1. AttributedTextFormattingDefinition: A protocol that defines how text can be styled in editors
2. AttributedTextValueConstraint: Constraints that automatically transform attributes into visual styling
3. AttributedTextSelection: Enhanced selection handling with support for typing attributes

The promise? Automatic, constraint-based text formatting. The reality? Well, let's see.

The goal was simple: as users type in IcySky's composer, automatically detect and highlight:

• @mentions in purple
• #hashtags in indigo
• URLs with blue underlines

No manual selection. No buttons. Just type @dimillian and watch it turn purple in real-time.
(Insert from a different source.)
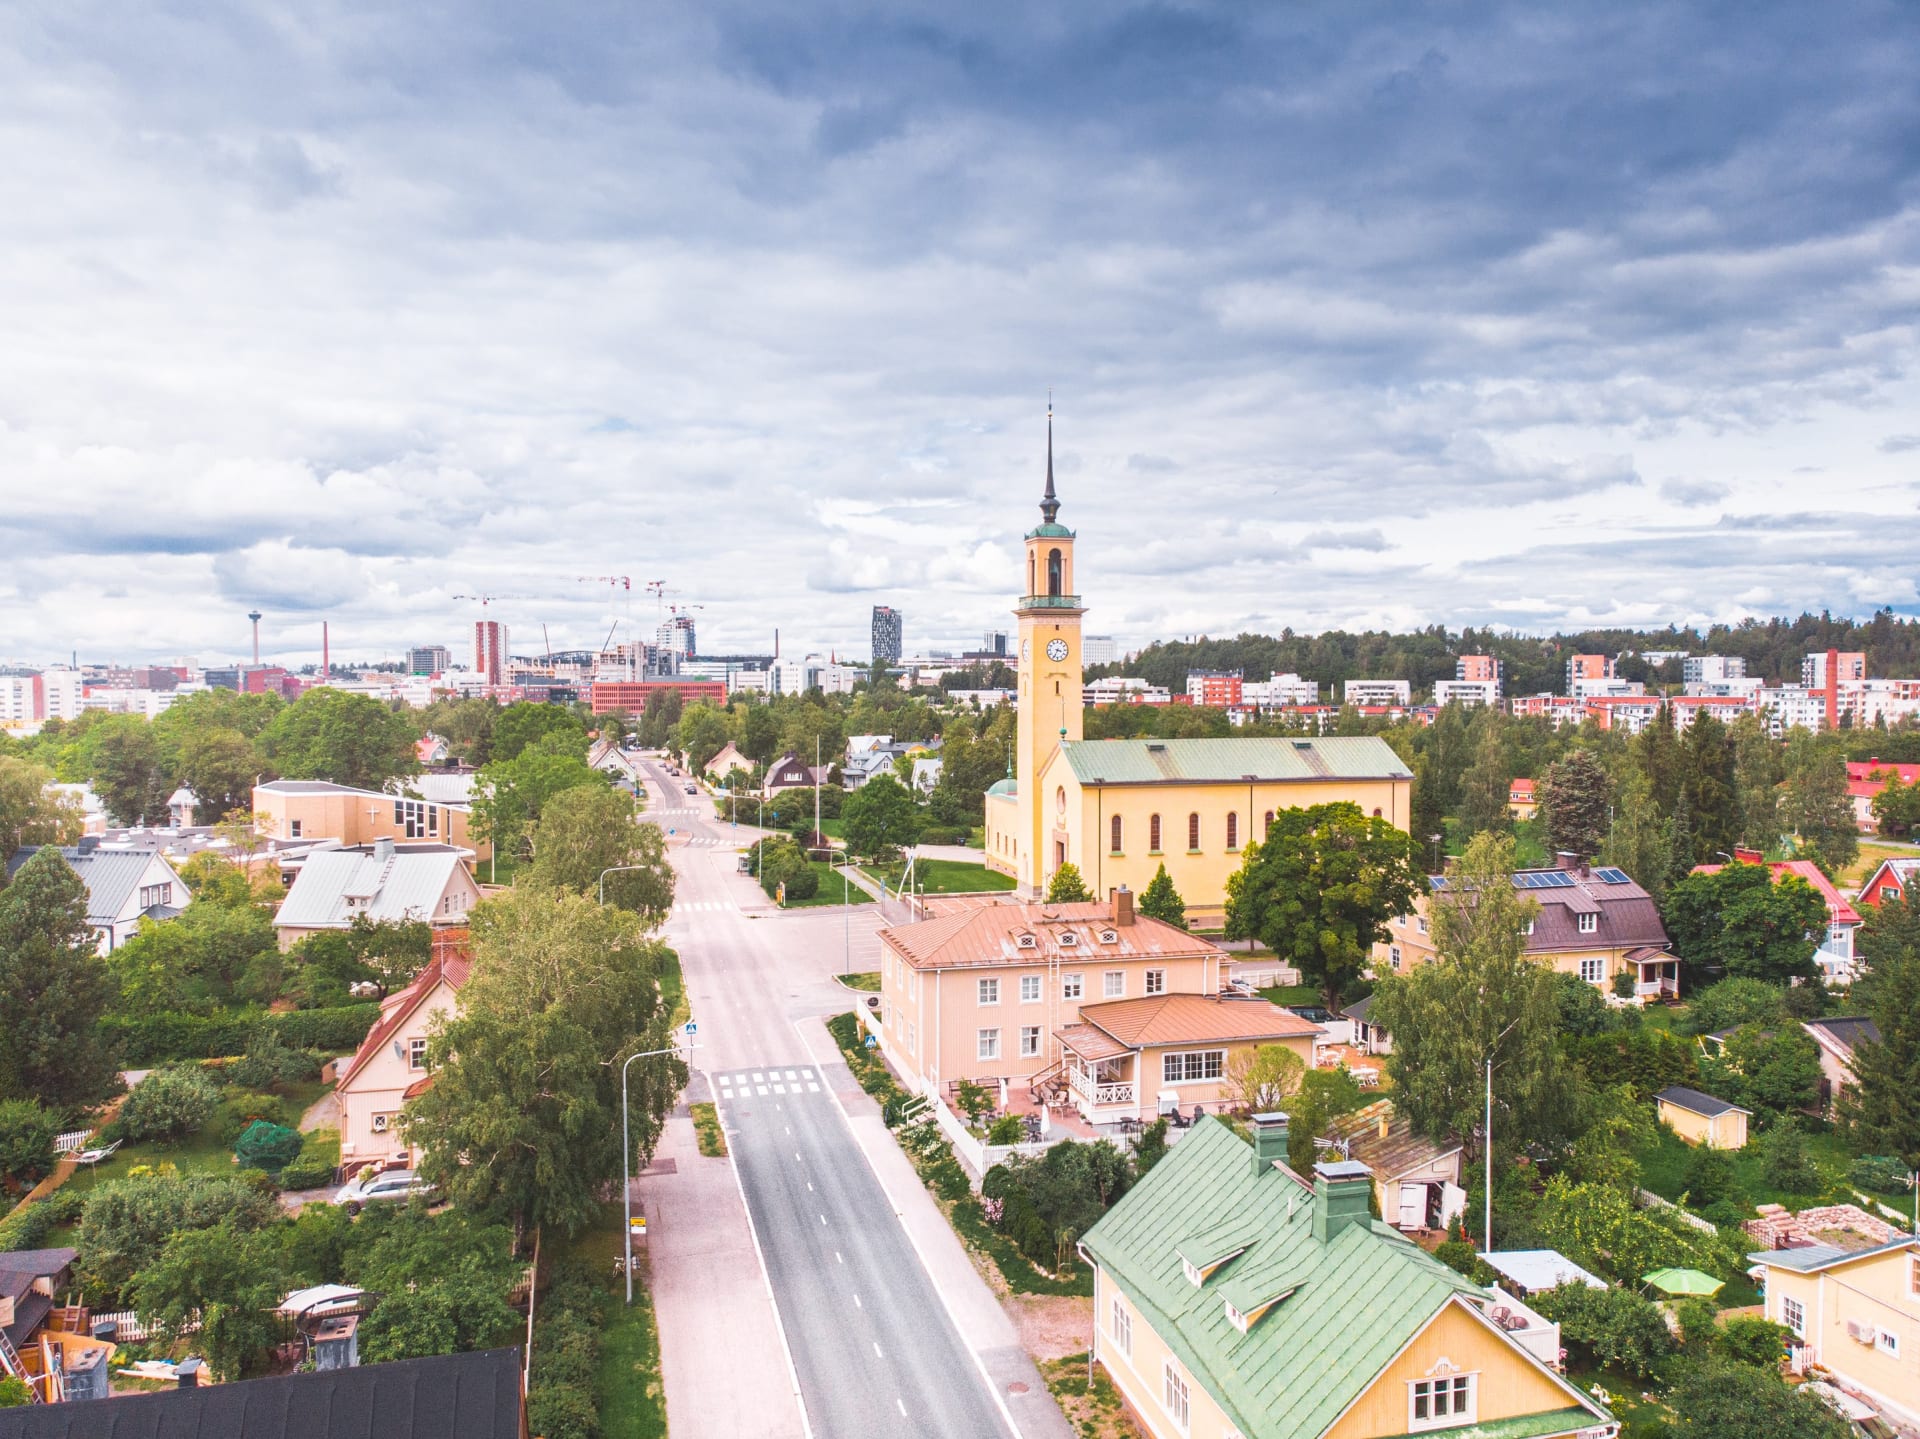 Aerial photo of Viinikka skyline with Viinikka Church bell tower

Simple, right?

Me: It was not simple.

The Problem: TextEditor Has Trust Issues

Here's what was hard to understand, a TextEditor with AttributedString creates a new run for every. single. character. you. type.

Let me show you in practice:

// What you think happens when you type "@john":
AttributedString: [@john] // One nice, clean run

// What actually happens:
AttributedString: [@][j][o][h][n] // Five separate runs!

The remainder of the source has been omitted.